Mouse Genome Headlines
-
The mouse genome is about 14% smaller than the human genome (2.5 Gb
compared with 2.9 Gb). The difference probably reflects a higher rate of
deletion in the mouse lineage.
-
Over 90% of the mouse and human genomes can be partitioned into corresponding
regions of conserved synteny, reflecting segments in which the gene order in
the most recent common ancestor has been conserved in both species.
-
At the nucleotide level, approximately 40% of the human genome can be aligned to
the mouse genome.

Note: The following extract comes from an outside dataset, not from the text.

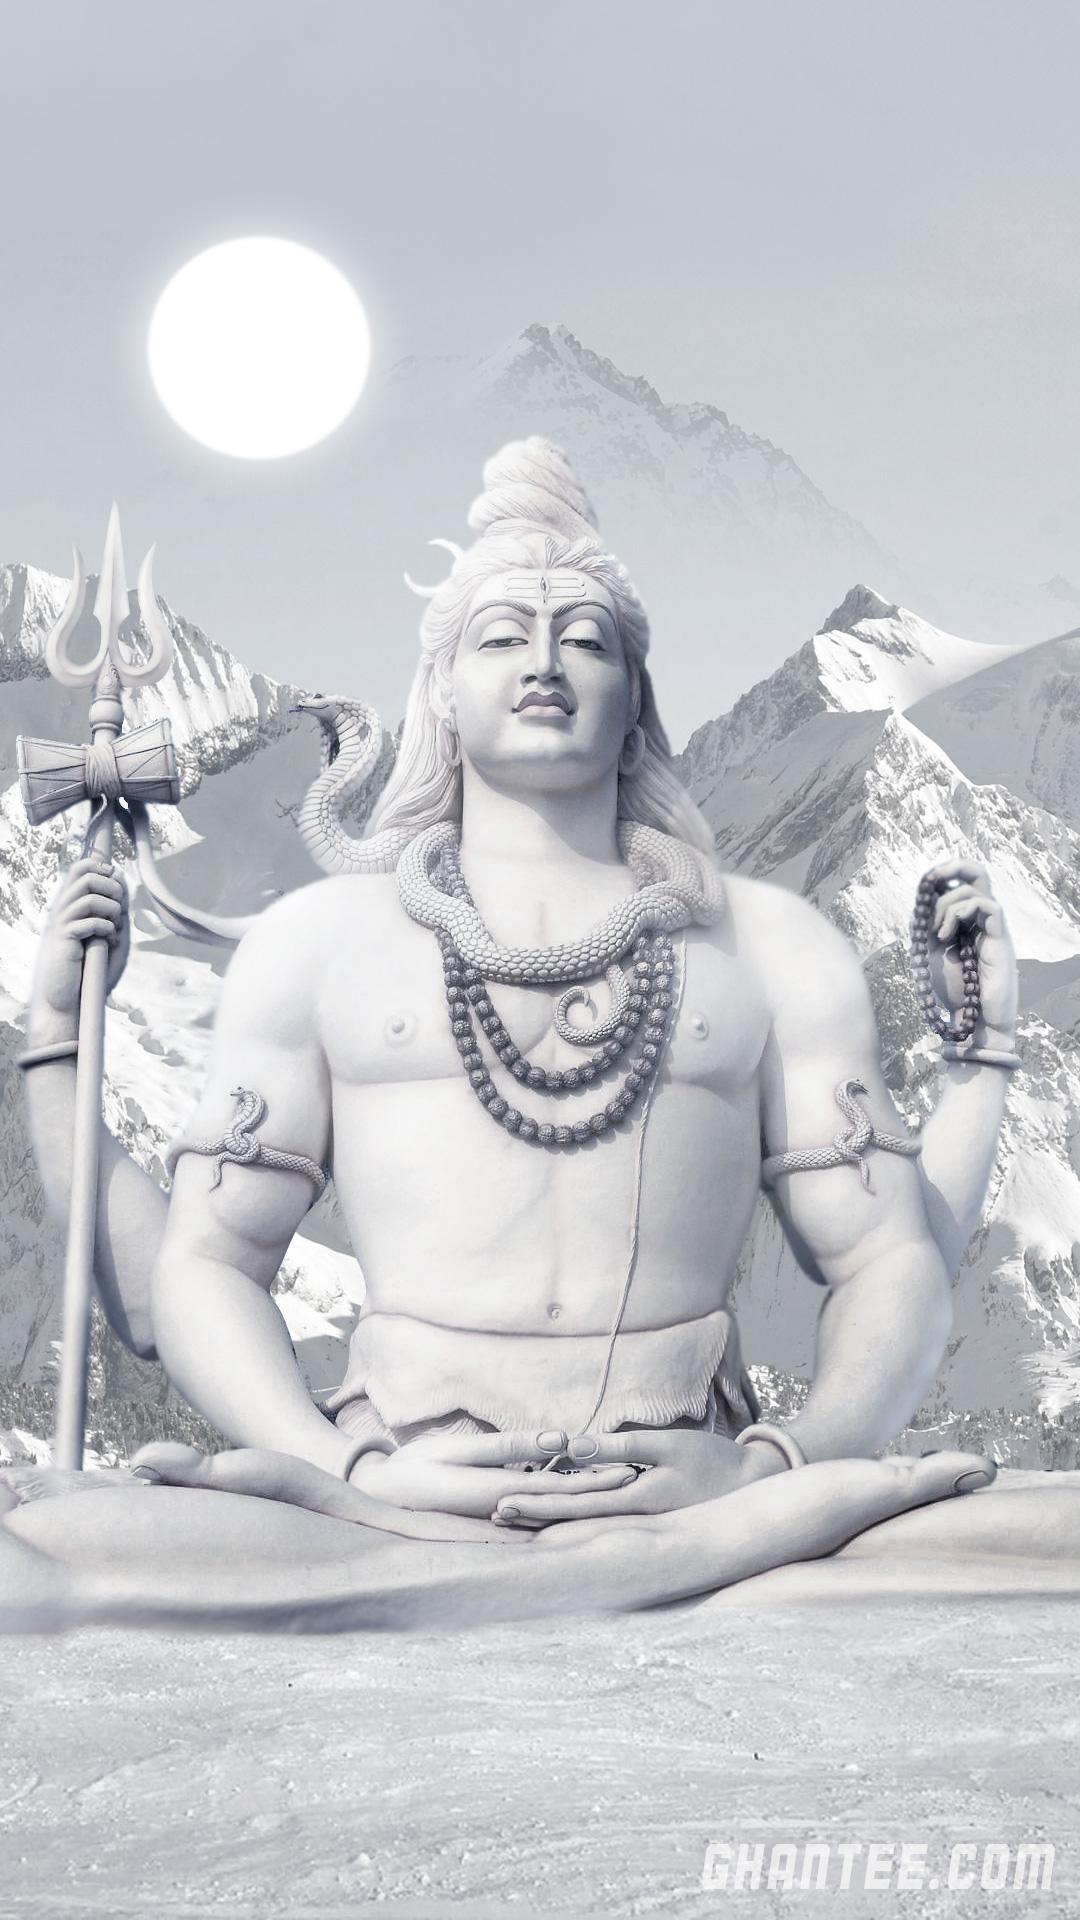 lord shiva snow mountain hd phone wallpaper

These sequences seem to represent most of the orthologous
sequences that remain in both lineages from the common ancestor, with the rest
likely to have been deleted in one or both genomes.
-
The neutral substitution rate has been roughly half a nucleotide substitution
per site since the divergence of the species, with about twice as many of these
substitutions having occurred in the mouse compared with the human lineage.
-
By comparing the extent of genome-wide sequence conservation to the neutral
rate, the proportion of small (50-100 bp) segments in the mammalian genome that
is under (purifying) selection can be estimated to be about 5%.

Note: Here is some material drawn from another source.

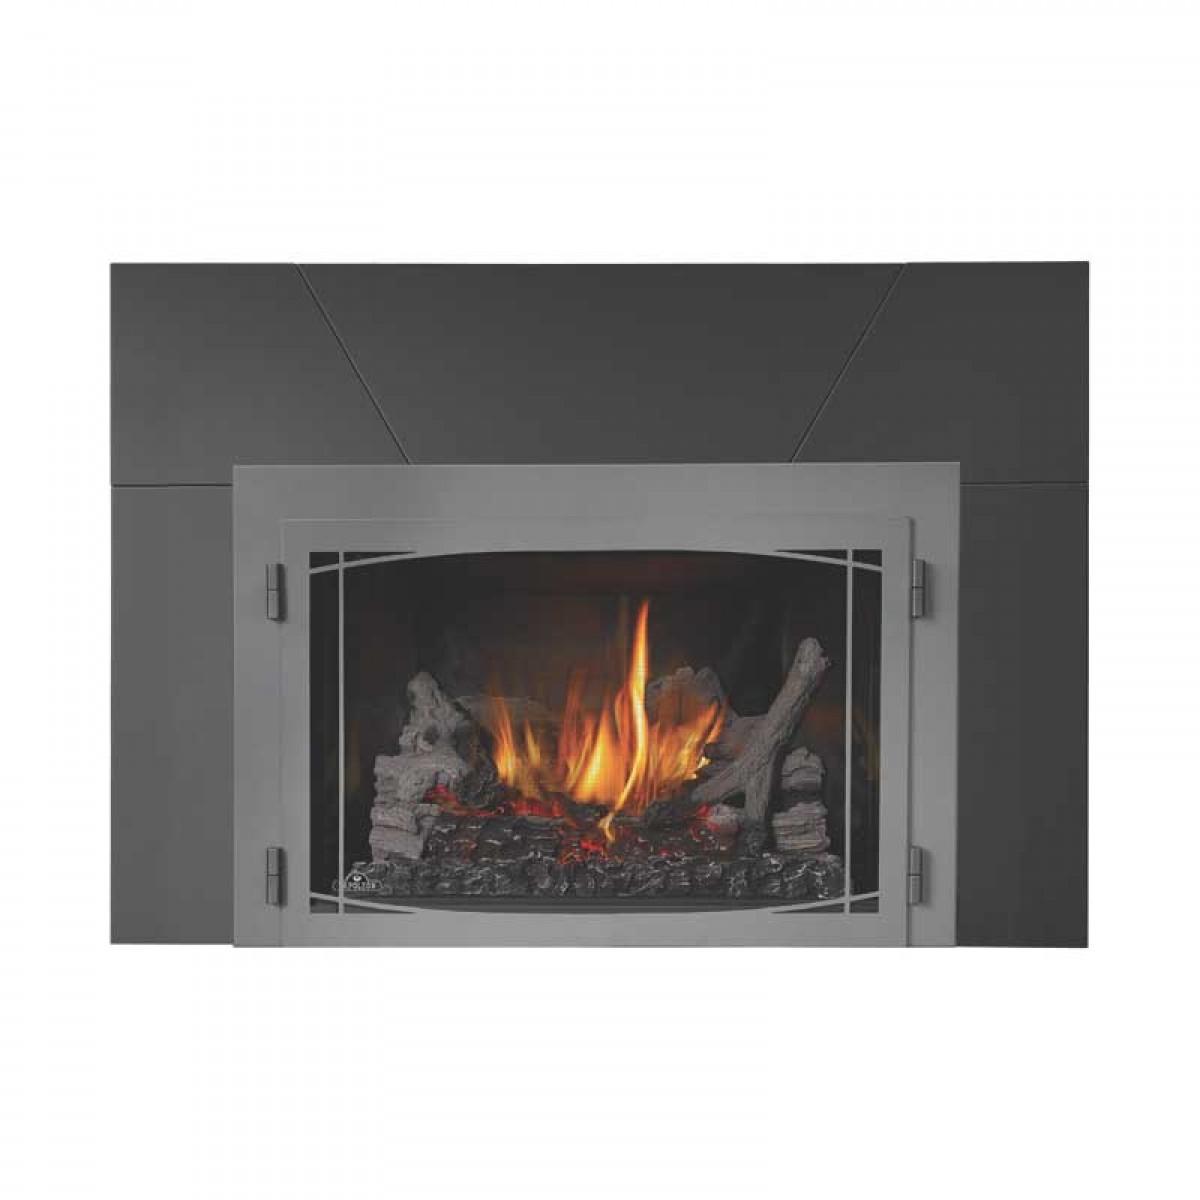 Napoleon Xir3nsbdeluxe Natural Gas Fireplace Insert At

This proportion is much higher than can be explained by protein-coding
sequences alone, implying that the genome contains many additional features
(such as untranslated regions, regulatory
elements, non-protein-coding genes, and chromosomal structural elements) under
selection for biological function.
-
The mammalian genome is evolving in a non-uniform manner, with various
measures of divergence showing substantial variation across the genome.
-
The mouse and human genomes each seem to contain about 30,000 protein-coding
genes. These refined estimates have been derived from both new evidence-based
analyses that produce larger and more complete sets of gene predictions, and
new de novo gene predictions that do not rely on previous evidence of
transcription or homology. The proportion of mouse genes with a single
identifiable orthologue in the human genome seems to be approximately 80%.

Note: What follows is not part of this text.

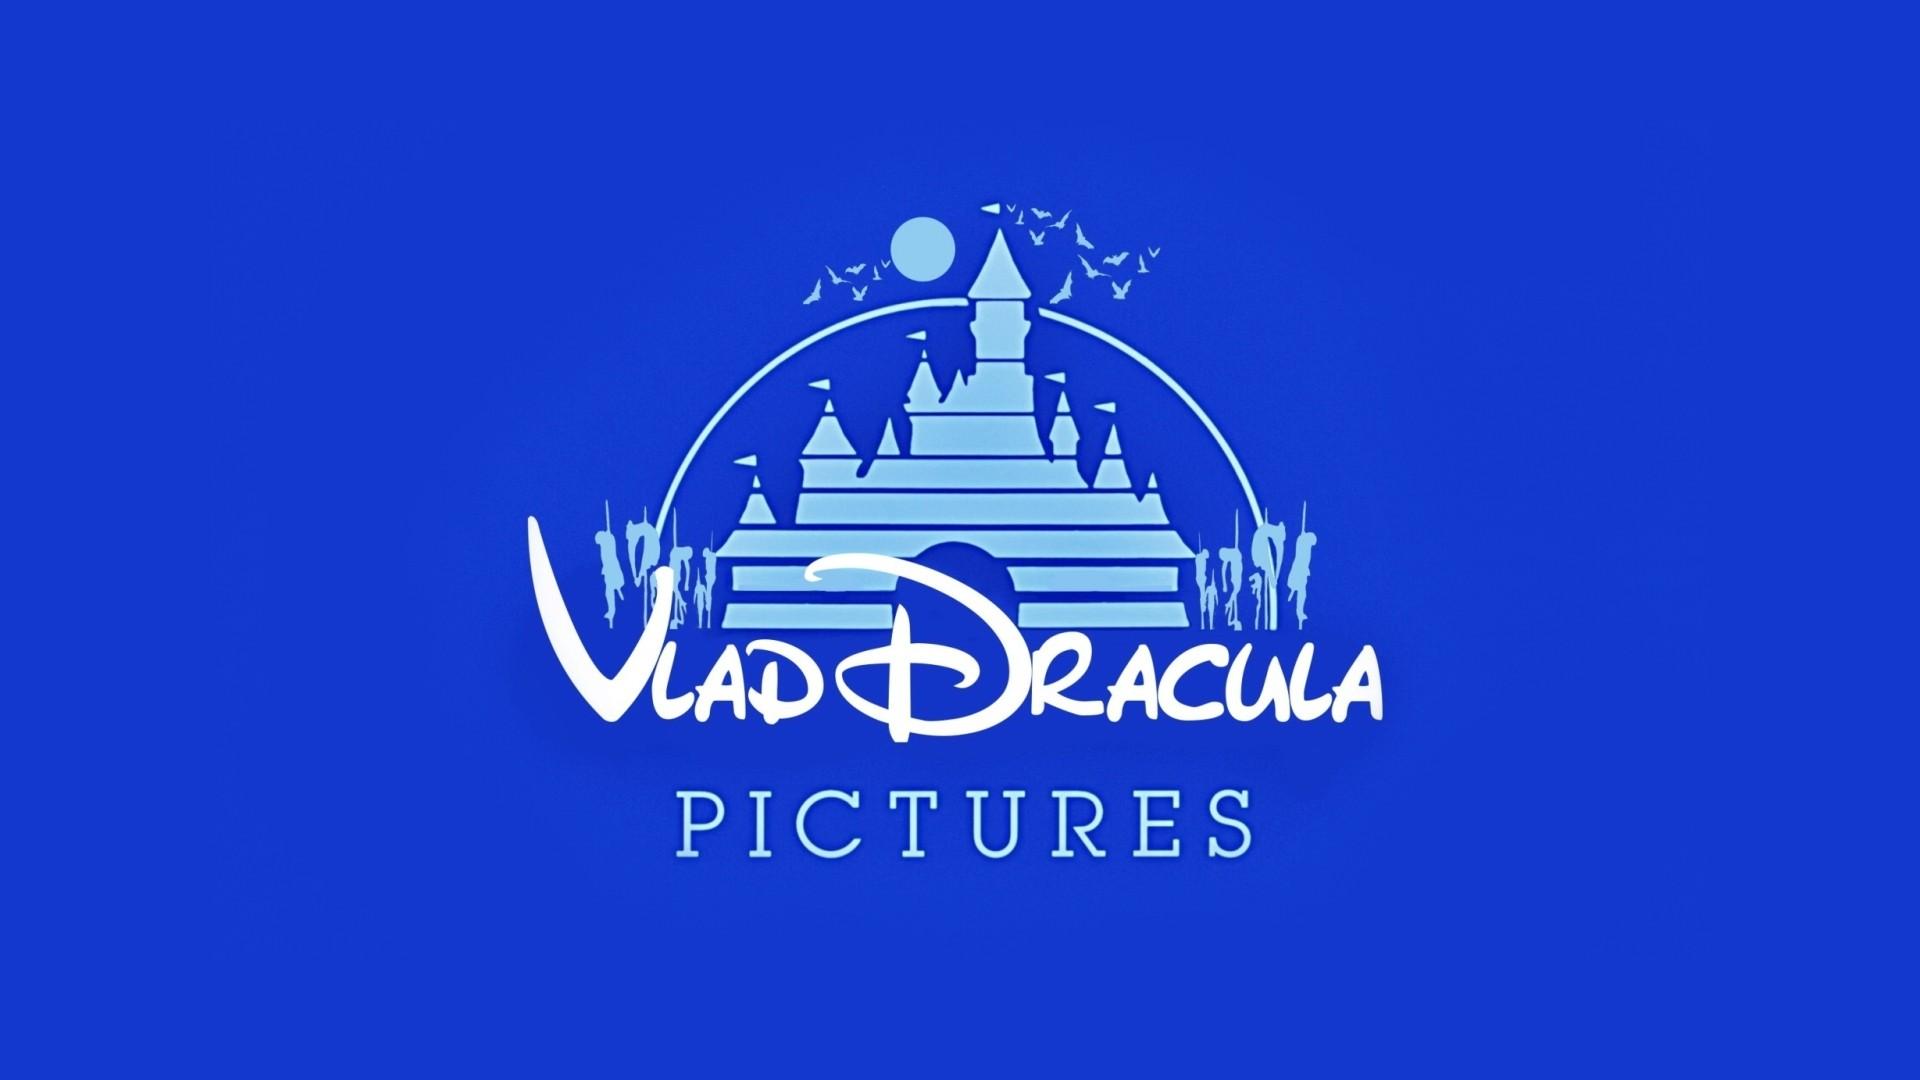 General 1920x1080 humor logo Dracula castle bats blue background Walt Disney blue

The proportion of mouse genes without any homologue currently detectable in
the human genome (and vice versa) seems to be less than 1%.
-
Dozens of local gene family expansions have occurred in the mouse lineage.
Most of these seem to involve genes related to reproduction, immunity and
olfaction, suggesting that these physiological systems have been the focus of
extensive lineage-specific innovation in rodents.
-
Mouse-human sequence comparisons allow an estimate of the rate of protein
evolution in mammals. Certain classes of secreted proteins implicated in
reproduction, host defence and immune response seem to be under positive
selection, which drives rapid evolution.
-
Despite marked differences in the activity of transposable elements between
mouse and human, similar types of repeat sequences have accumulated in the
corresponding genomic regions in both species. The correlation is stronger
than can be explained simply by local (G+C) content and points to additional
factors influencing how the genome is moulded by transposons.
-
By additional sequencing in other mouse strains, we have identified about 80,000
single nucleotide polymorphisms (SNPs). The distribution of SNPs reveals that
genetic variation among mouse strains occurs in large blocks, mostly reflecting
contributions of the two subspecies Mus musculus domesticus and
Mus musculus musculus to current laboratory strains.